Eine gelungene Premiere in Eisenstadt. Unser Fotoreporter Herbert Unger war mit dabei – hier seine Fotostrecke.
Mann von La Mancha eine Veranstaltung der „Freunde der Militärpfarre Burgenland„, vieler Militärmusiker, Studierender der JHP, nationaler und internationeler Künstlerinnen und Künstler.

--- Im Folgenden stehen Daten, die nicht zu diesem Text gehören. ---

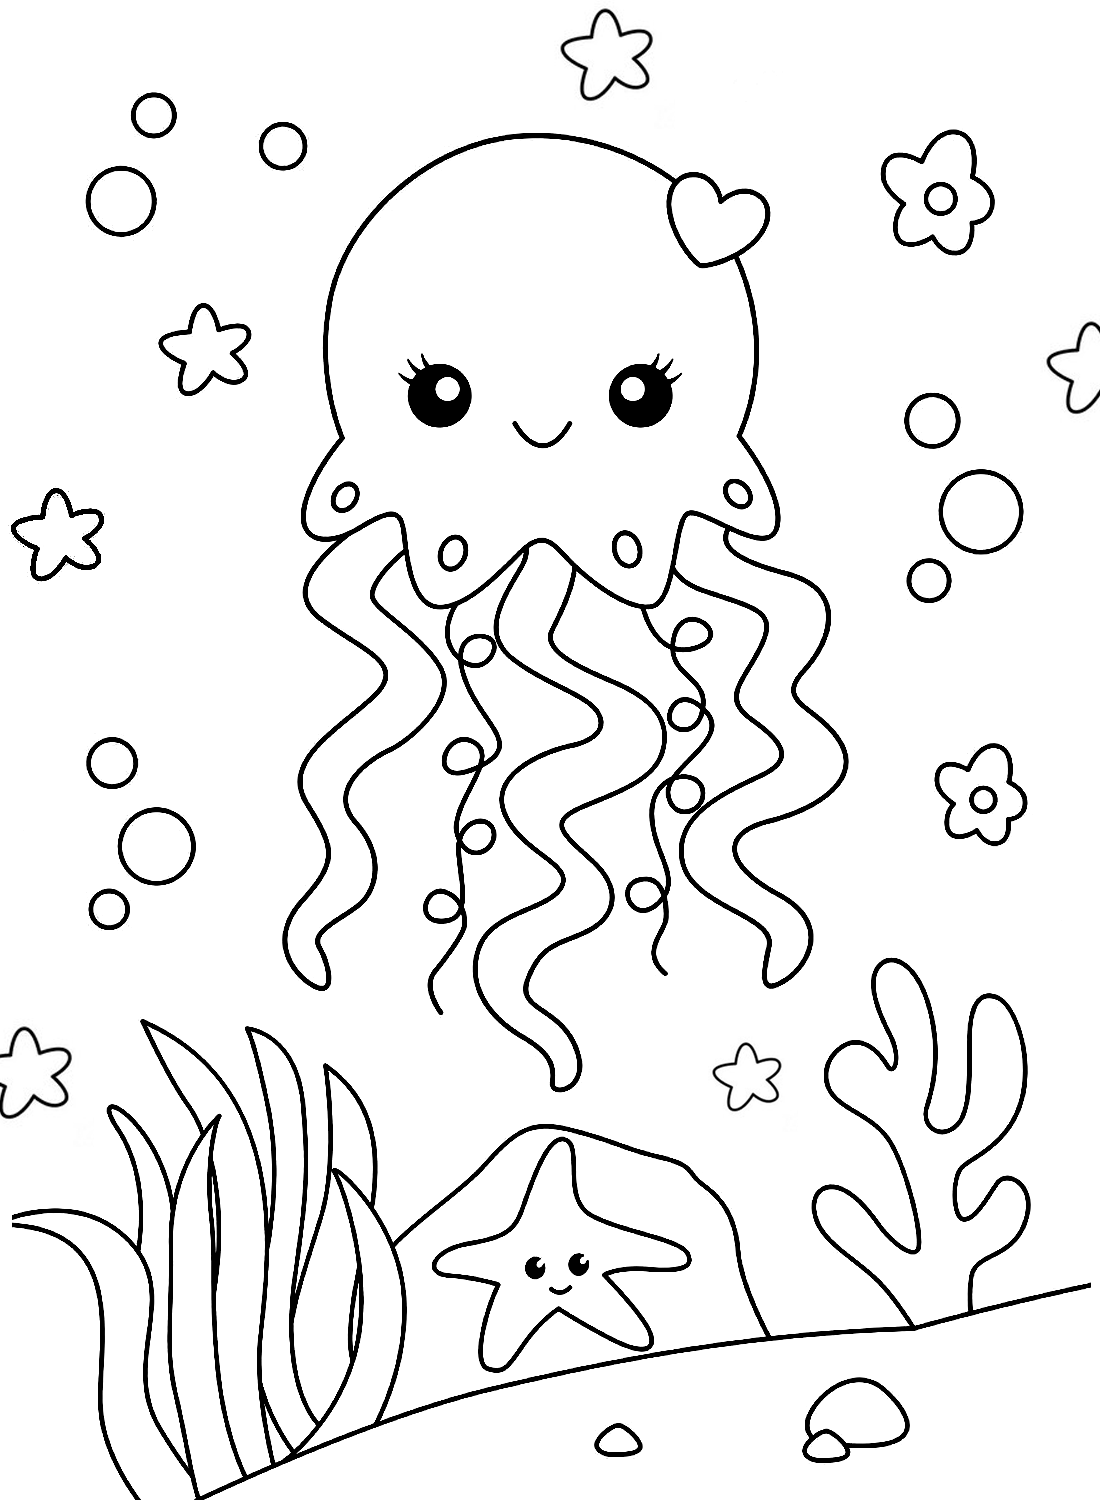 La pagina da colorare delle meduse

Mit Alexander M. Helmer, Alexander Wessely, Daniel Amberg, Esther Kreis, Nadine Ohrner, Benedict Hauer, Wolfgang Wessely, Michael Navrkal, Katerina Dankevich, Otto Handl, Elias Buberl, Herta Pachl, uva
Musikalische Gesamtleitung: Hans Kausz mit Studierenden der JHP und der Militärmusik Burgenland
Bühne: Winter Artservice
Projektionen: Manfred Waba
Kostüme: Lambert Hofer GmbH & Co. KG
Dank an Elfriede Unger, Engelbert Edelhofer, Lukas Niederholzer, Otto Prieler, Bettina Lang, Christian Pichler und Andreas Gänszler
INHALT
In einem Verlies der spanischen Inquisition. Cervantes und sein Diener sind der Gotteslästerung angeklagt und warten unter Räubern, Mördern und Prostituierten auf ihr Verfahren. Der Anführer der Insassen nimmt ihnen alle Habe weg, darunter ein Manuskript. Um zu beweisen, dass es sein künftiges Buch ist, verkleidet sich Cervantes als seine Figur Don Quijote und spielt mit den Mithäftlingen die Geschichte vor. So wird das Gefängnis zur Straßenspelunke. Aldonza ist ein Serviermädchen und Prostituierte. Don Quijote nennt sie Dulcinea und macht ihr den Hof. Währenddessen versuchen seine Nichte Antonia und ihr Verlobter Dr. Carrasco immer wieder, Don Quijote von seinen sinnlosen Kämpfen gegen imaginäre Feinde abzuhalten. Als Spiegelritter verkleidet, zwingt ihn Carrasco, der Realität ins Auge zu sehen, zu erkennen, dass er nicht der Erretter der Menschheit ist, sondern ein ärmlicher alter Mann. Nur Aldonza, die einzig von Don Quijote als Dame behandelt wurde, fleht ihn an, den „unmöglichen Traum“ fortzusetzen und die Rüstung wieder anzuziehen. Don Quijote stirbt in ihren Armen. Aldonza nennt sich fortan Dulcinea und träumt nun selbst den Traum ihres Helden weiter. Das Spiel ist aus. Ergriffen reicht der Anführer Cervantes sein Manuskript zurück und Cervantes wird vor das Inquisitionstribunal gerufen.